((

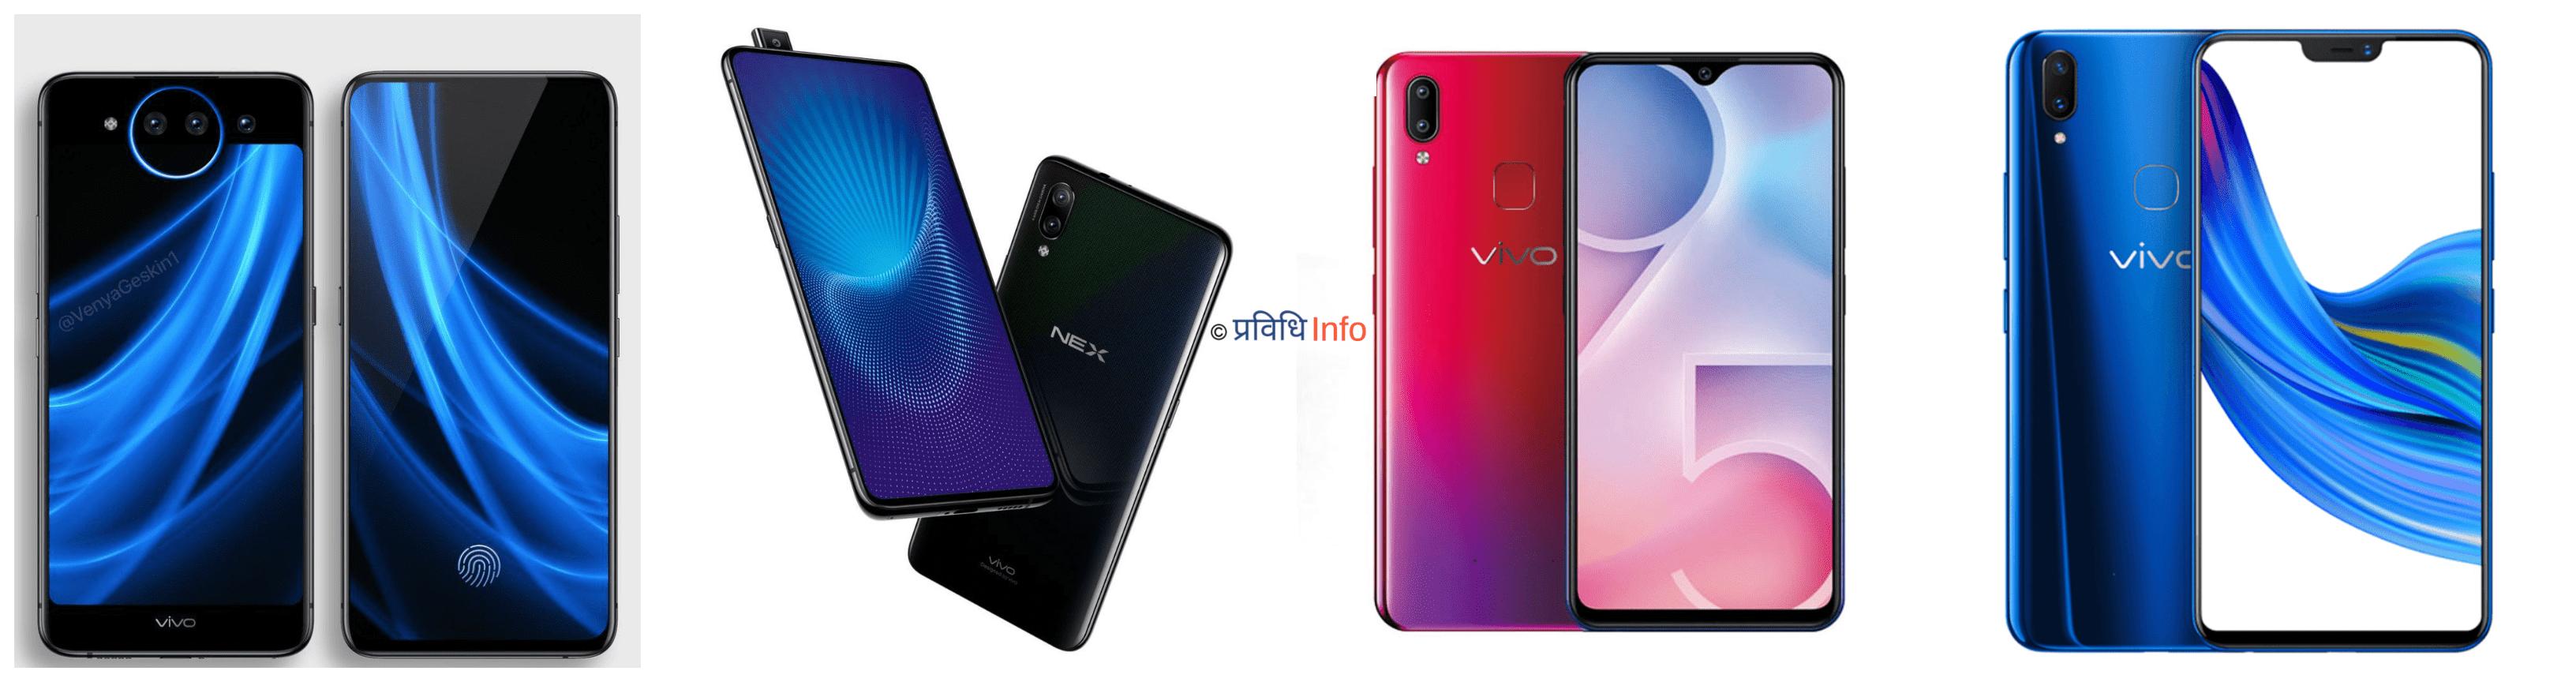 VIVO Mobile Price 2019
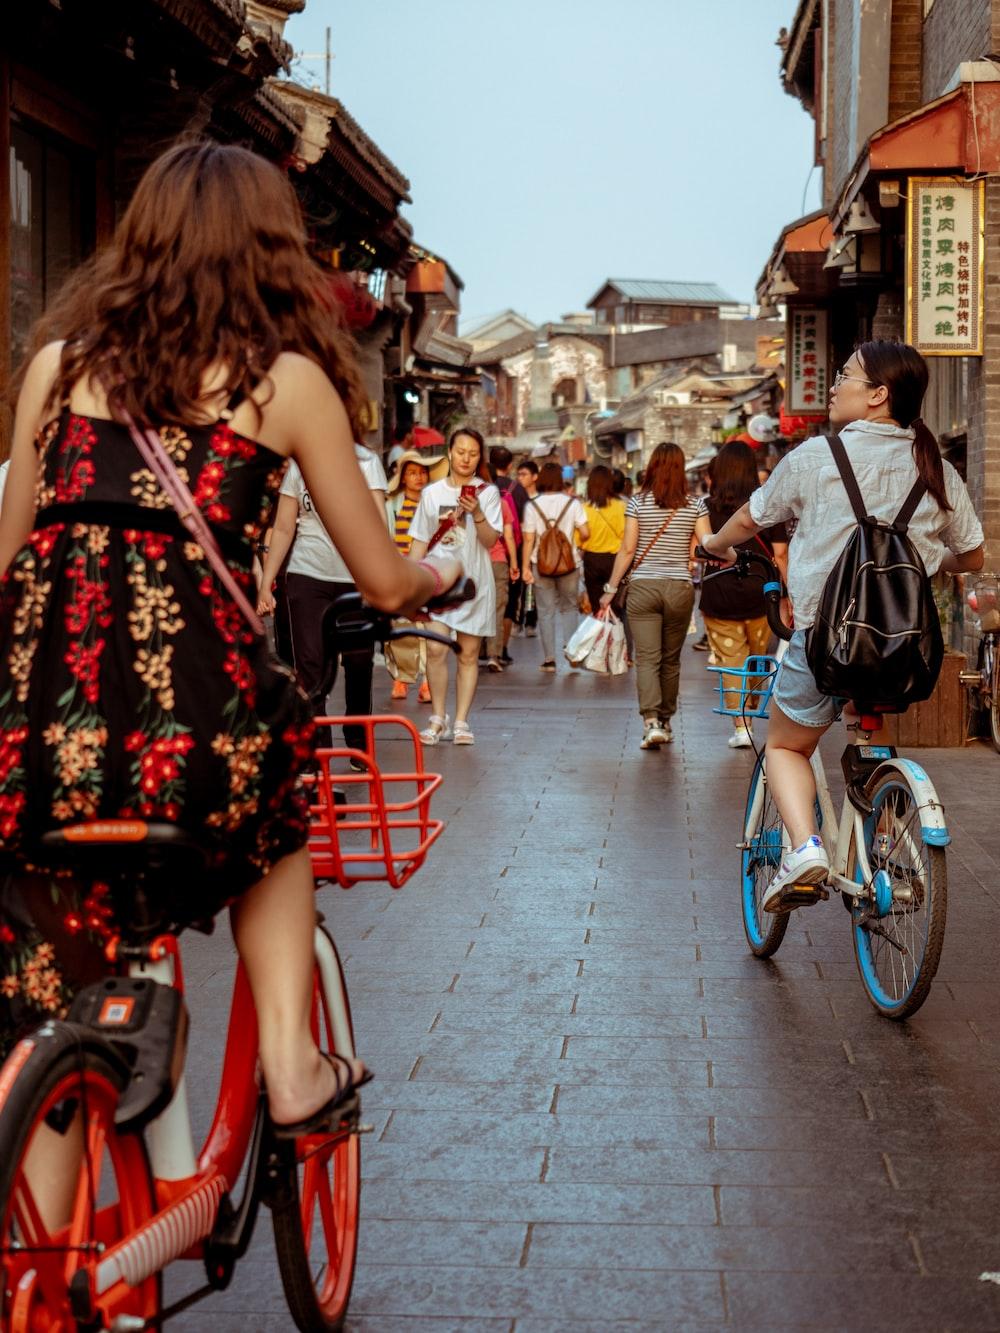 woman wearing dress riding bicycle
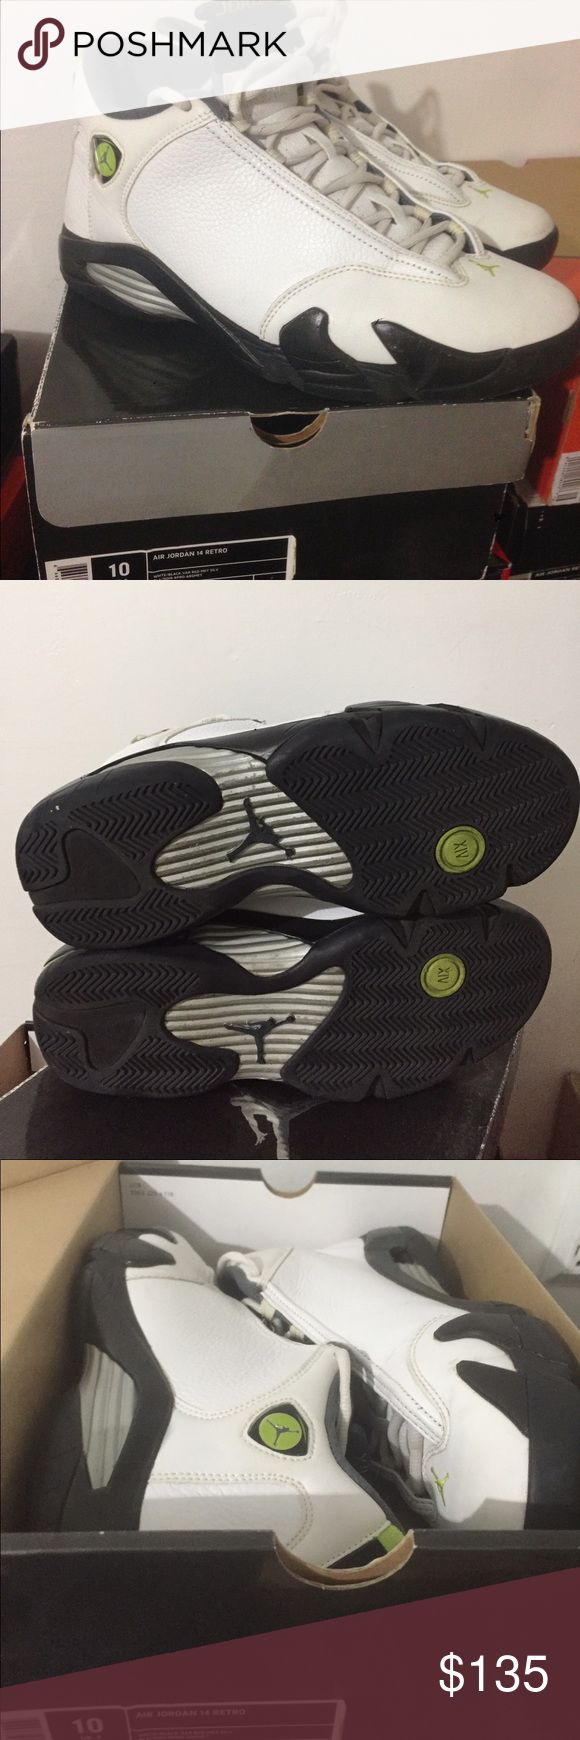 Nike Air Jordan XIV size 10 1000% authentic Jordan XIV shoes white chartreuse size 10 Nike Shoes Athletic Shoes

))

No pictures should appear in the copy; write out exactly the lines from the one containing "woman wearing dress riding bicycle" through the end of the material.

 woman wearing dress riding bicycle
 Nike Air Jordan XIV size 10 1000% authentic Jordan XIV shoes white chartreuse size 10 Nike Shoes Athletic Shoes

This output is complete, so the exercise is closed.